Arkindex Elements can now be removed from a dataset from their details page, and not just from the dataset's details page.

delete element from dataset

Datasets marked as complete can no longer be modified. New versions of a complete dataset can easily be created to extend or modify it.

Renaming one set in a dataset now updates the set name for all elements belonging to that set. Renaming more that one set at a time is not longer allowed. Adding or removing any number of datasets at a time is still possible.

A link back to the project is now shown when browsing a dataset, to make navigation easier.

link back to project from dataset

The listing of datasets when using the Add to a dataset action in the selection page has been fixed.

Workers

Workers now have a description field, allowing them to be better documented in the interface. That description, as well as other attributes on workers, can be edited through the API and the user interface, in the list of available workers.

edit worker button

edit worker modal

Using the API, workers can also be marked as archived, which hides them from the available workers list and makes them impossible to use on processes. Future releases will include the option to archive or un-archive from the frontend itself, as well as support for an automatic removal of any archived workers that have not produced any existing worker results.

Worker versions can now be marked as supporting models without requiring them, just like a worker version can either support, require or not support GPU usage. Worker developers need to update their .arkindex.yml files to use the new model_usage values: required, supported or disabled.

Worker configurations can now include fields of a model type, allowing users to select a model. This can be useful when training models using dataset processes, in order to specify the model to train.

model user config

The display of archived worker configurations in the worker configuration modal has been fixed.

User configuration parameters are now sorted alphabetically by display name, rather than slug.

The workers list filter now displays all the available worker types, when it was previously limited to the first 20 types.

Models

Workers declared as compatible for a model can now be viewed and managed through the API, using the new endpoints CreateModelCompatibleWorker and DestroyModelCompatibleWorker. They can also be managed from the user interface: in a workers section in the list of available models, or from the model details page.

manage workers button

manage workers modal

Using the API endpoints UpdateModel or PartialUpdateModel, models can now be marked as archived, which hides them from the available models list and makes them impossible to use on processes. Future releases will include the option to archive or unarchive from the Arkindex frontend, as well as support for an automatic removal of any archived models that have not produced any existing worker results.

A model version's parent ID can now be unset, using the API or the Django admin.

The frontend interface to add new members to models has been fixed.

Performance

The ListTranscriptions API endpoint has been optimized, which should prevent timeouts when using the recursive, worker_version and element_type filters.

Processes

The project worker activities page has been removed, as it was both confusing and rarely used.

When creating a process from elements filtered by a classification, that classification filter is now propagated to the process elements list.

classification filter 2

classification filter 1

A record of the link between a task and the worker run it was created for is now being kept, so that when a task fails, only the worker activities of the relevant worker run are set to an error state.
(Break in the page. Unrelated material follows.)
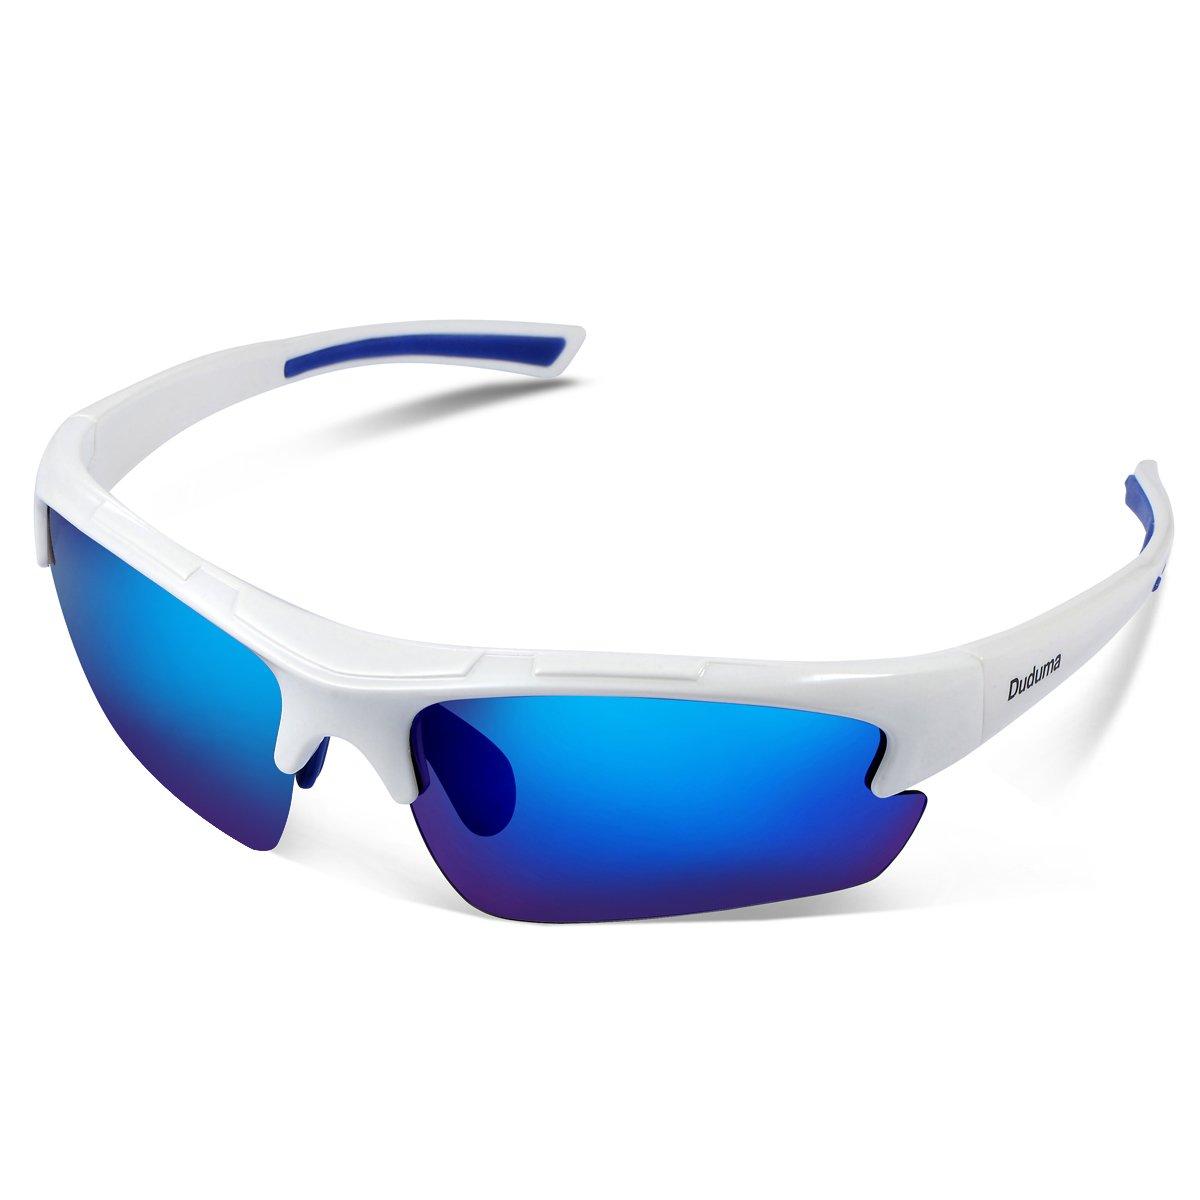 Duduma Polarized Designer Fashion Sports Sunglasses for Baseball Cycling Fishing Golf Tr62 Superlight Frame (White/Blue) by Duduma

Tasks now have restrictions on their state updates from Ponos agents, to warn about situations that should not be normally possible.

An issue that could prevent a process' worker runs from being listed on slow connections or slow instances was fixed.

Worker version created through the CreateDockerWorkerVersion API endpoint are not longer treated as unavailable when applying a template.

Attempting to delete a process whose worker runs are linked to existing worker results now shows an explicit error message, instead of causing database errors.

Imports

Importing PDF files from an S3 bucket now extracts the JPEG images of the PDF, instead of relying on Cantaloupe's PDF support. This improves performance for very large PDFs.

Transkribus archive imports no longer cause errors when importing PNG files.

The frontend file import now supports .zip and .tar.gz archive files.